On January 8, 2020 Plazi had the good luck and honor to be the mediator of GBIF's 50.000th dataset. It was probably predictable to some degree, since the chances have been over 56%. Plazi has deposited over 28K of the 50K datasets on GBIF.
This dataset is representative of a rapidly growing corpus of datasets not based on collections in their original sense, that is, specimens in a natural history museum. Instead, they are materials citations liberated from taxonomic treatments, the part of a publication covering a specific taxon, in a taxonomic publication. In other words, they are not a list of collected physical specimens but rather, like image-based observations, digital representations of a physical specimen. A materials citation is a reference of a physical specimen, much like a bibliographic reference to an article. As such, they are the logical, albeit mostly "missing link" between a traditionally physical specimen and its facts discovered by a scientist. These can include textual facts, tables, figures and implicit reference to external facts, physical specimens or other treatments. Even today, almost all the treatments are an artifact of the printed media where all the links are implicit, from very cryptic to verbose. A holotype citation refers to a holotype by the label data, but not by a persistent identifier allowing linking, such as a digital object identifier (DOI) for an article.

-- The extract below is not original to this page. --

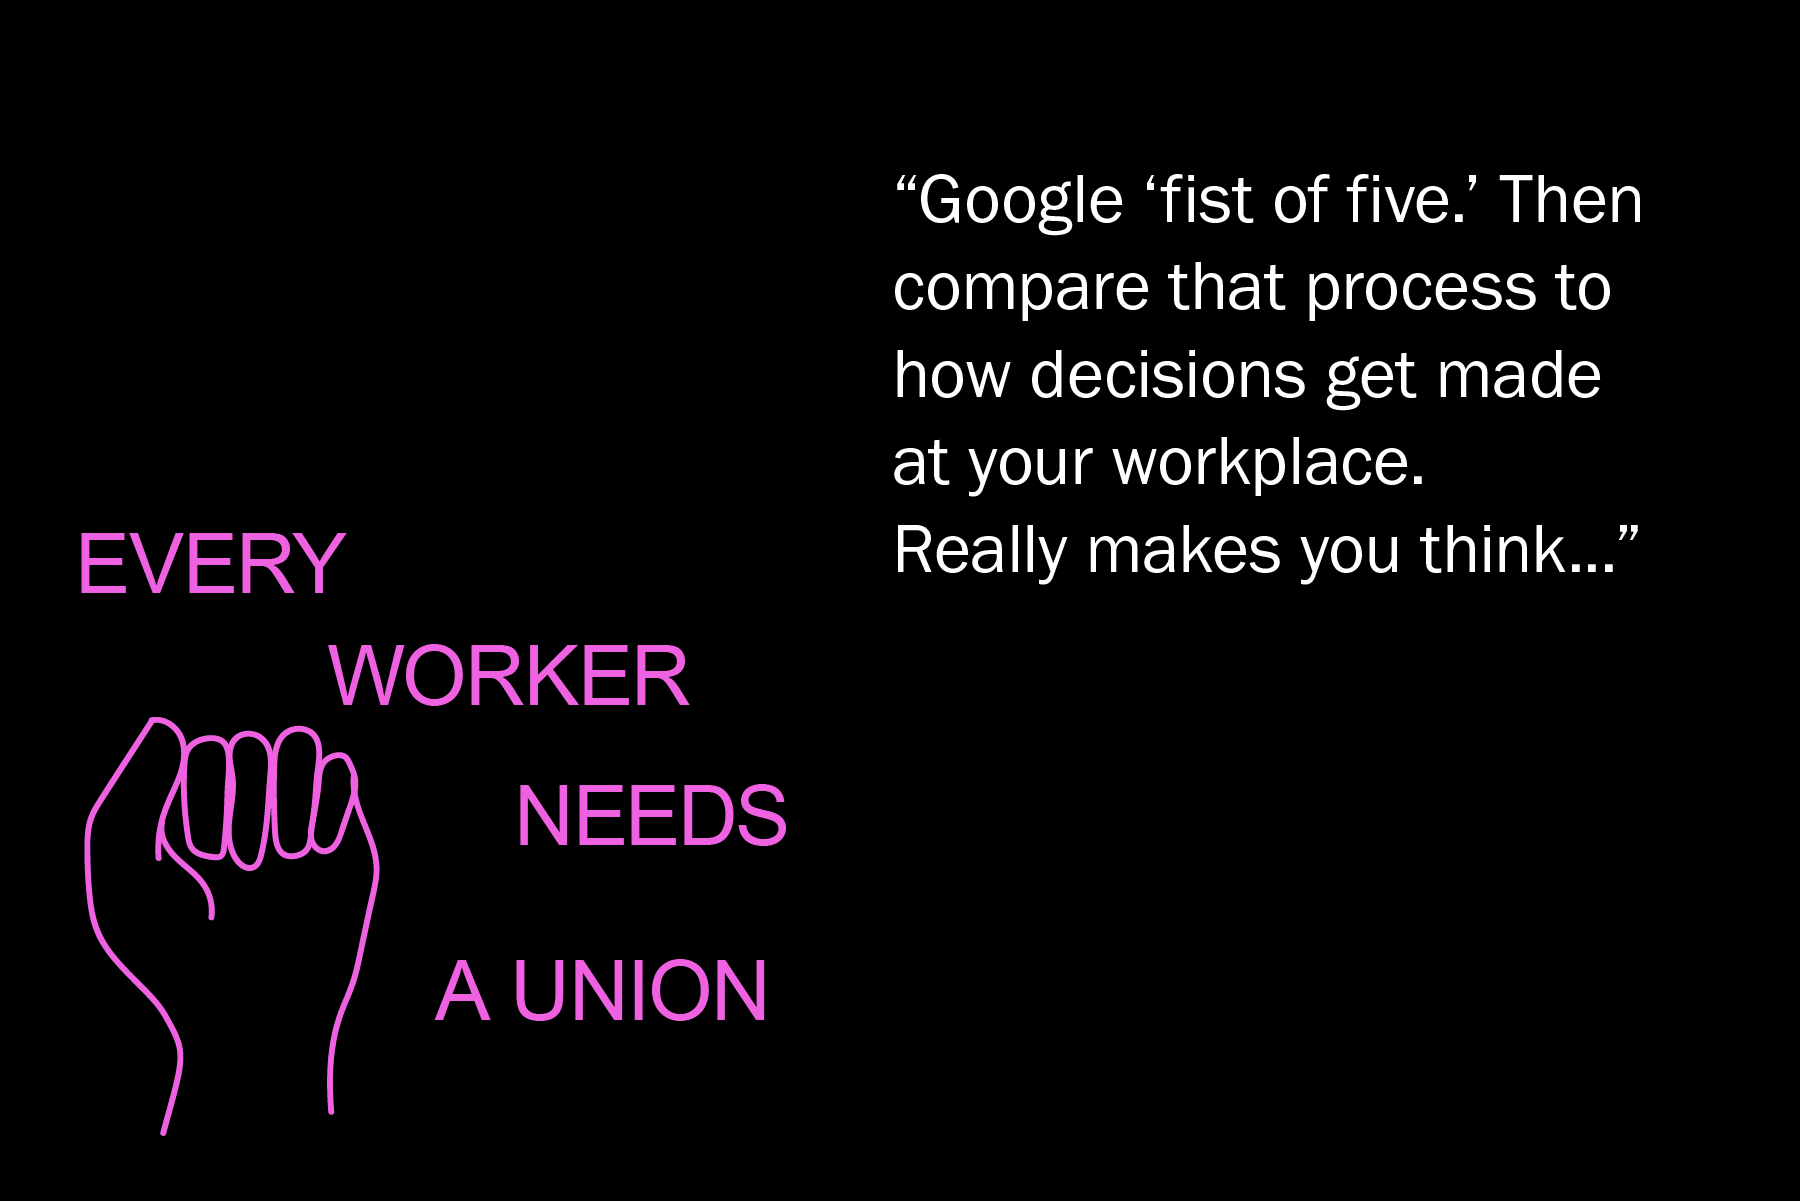 Google “fist of five.” Then compare that process to how decisions get made at your workplace. Really makes you think...

Having the materials citation in GBIF is a great resource. It links not only to a copy of the article, all too often closed access, but the fully open taxonomic treatment data provided by the respective author. They are most valuable if the citations are linked to their physical specimen deposits, rapidly growing through large scale initiatives like the European DiSSCo, the US based iDigBio or the Global Plants complemented by digitization activities at natural history museums. Increasingly, GBIF has both the specimen occurrence and the materials citations deposit independently, and thus just the connecting the two (or increasingly many others) is missing. The persistent identifier of the specimen will play a decisive role in this endeavor.
This dataset is a very nice show case that lends itself to telling the story behind it and how it is a part of the research data life cycle. Following is the story about how this call came about.
Jeremy Miller from Naturalis, and Torsten Dikow from the Smithsonian along with their teams decided to create another cybercataloge similar to the cybercataloge of Afrotropical apiocerid flies by Dikow and Agosti, this time covering the lestoid damselflies. They were inspired by Smithsonian odonate collection holding one of the world’s largest odonate collection complemented with the one at Naturalis. The term "cybercatalog" is used here to denote a taxonomic catalog pointing the reader to the taxon-specific, open-access information on the world wide web.
How has this been done?
GBIF imports the dataset and uses the data to create various displays of it, from an overview of the entire datasets, a subset of accepted names or occurrences, to individual accepted names and occurrences.
Together with GBIF, there is access to this data for different stake-holders via provided services. All the data is open access, can be cited in different ways and downloaded in various formats such as html, valid XHTML, generic RDF, JSON, and Plazi generic XML) and has appropriate licenses attached to it for legal clarity.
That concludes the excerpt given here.